Monday, September 26, 2005

WSO Wisconsin Point field trip Results



I had a great time during the WSO Wisconsin Point field trip this past weekend. Due to poor lighting and very windy conditions, I didn't do any digiscoping. So...the weather could have been a little better, but the birding was still excellent.

Some of the highlights included RED-THROATED LOON, WHITE-WINGED SCOTER, SABINE'S GULL, HARRIS'S SPARROW, WHITE-CROWNED SPARROW, BLACK-BELLIED PLOVER, AMERICAN GOLDEN PLOVER, AMERICAN PIPIT, LAPLAND LONGSPUR, PEREGRINE FALCON, MERLIN and several jaeger sightings. Perhaps the most exciting bird seen was an ARCTIC TERN that was spotted by Aaron Stutz and Jesse Peterson from the lighthouse. I was at the lighthouse with them and was rewarded with wonderful looks of this species.
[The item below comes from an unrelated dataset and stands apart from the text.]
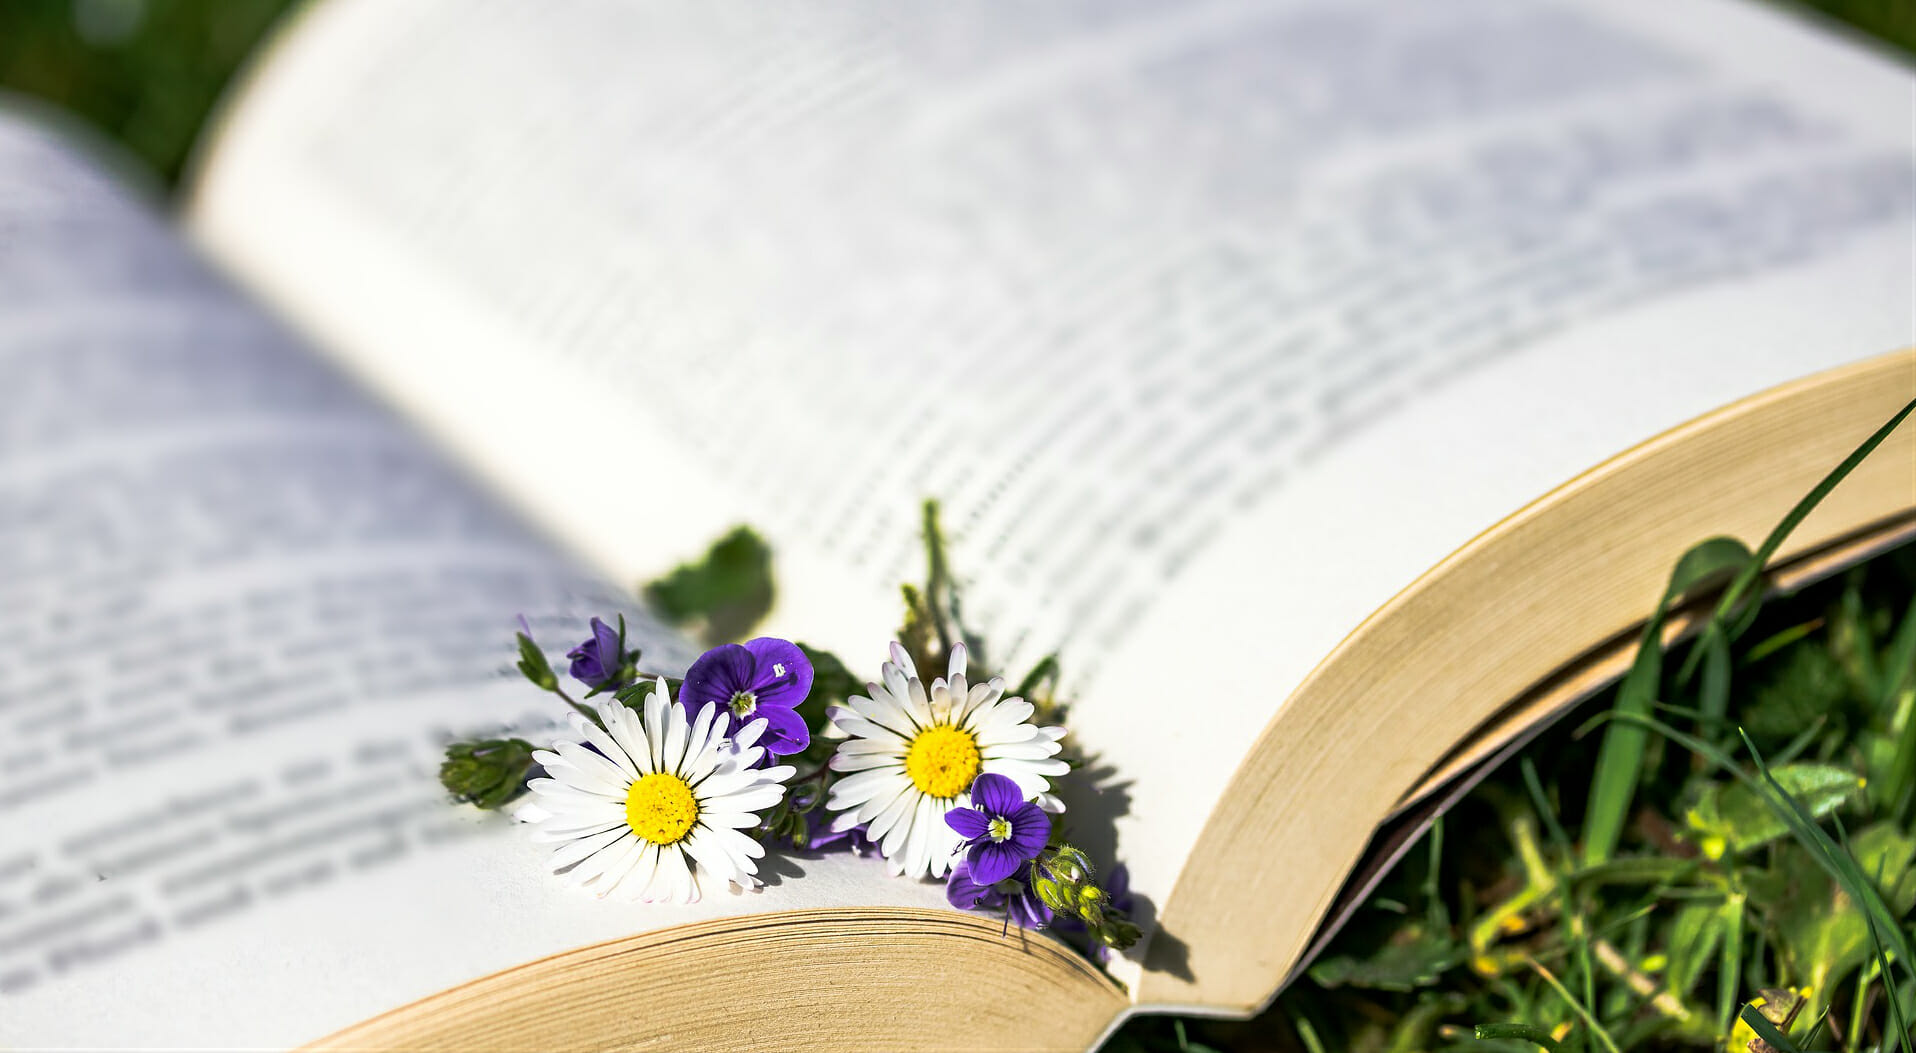 libro libri book books segnalibro fiori margherita margherite fiore prato lettore lettura leggere

On Sunday morning an immature jaeger flew nearly overhead our group assembled on the beach, but it still became an identification challenge. The "experts" debated and the prevailing thought was PARASITIC JAEGER due to warm-brown coloration, but there were a few holdouts for LONG-TAILED JAEGER given certain field marks. Last night while checking Cornell's Birds of North America on-line, I came across the following account regarding immature jaeger species:

"Immature and Basic plumages of Long-tailed Jaeger not readily distinguished from corresponding plumages of Parasitic Jaeger. No single character or possibly even combination of characters provides complete separation between these species in immature and adult Basic plumages."



(post-jaeger huddle/debate)

It's easy to get caught up in the passionate identification debate and forget the fantastic view of a species that rarely provides such great looks. Nevertheless, I logged onto Amazon and ordered Olsen's field guide on Skuas and Jaegers so I'll be better prepared for next year!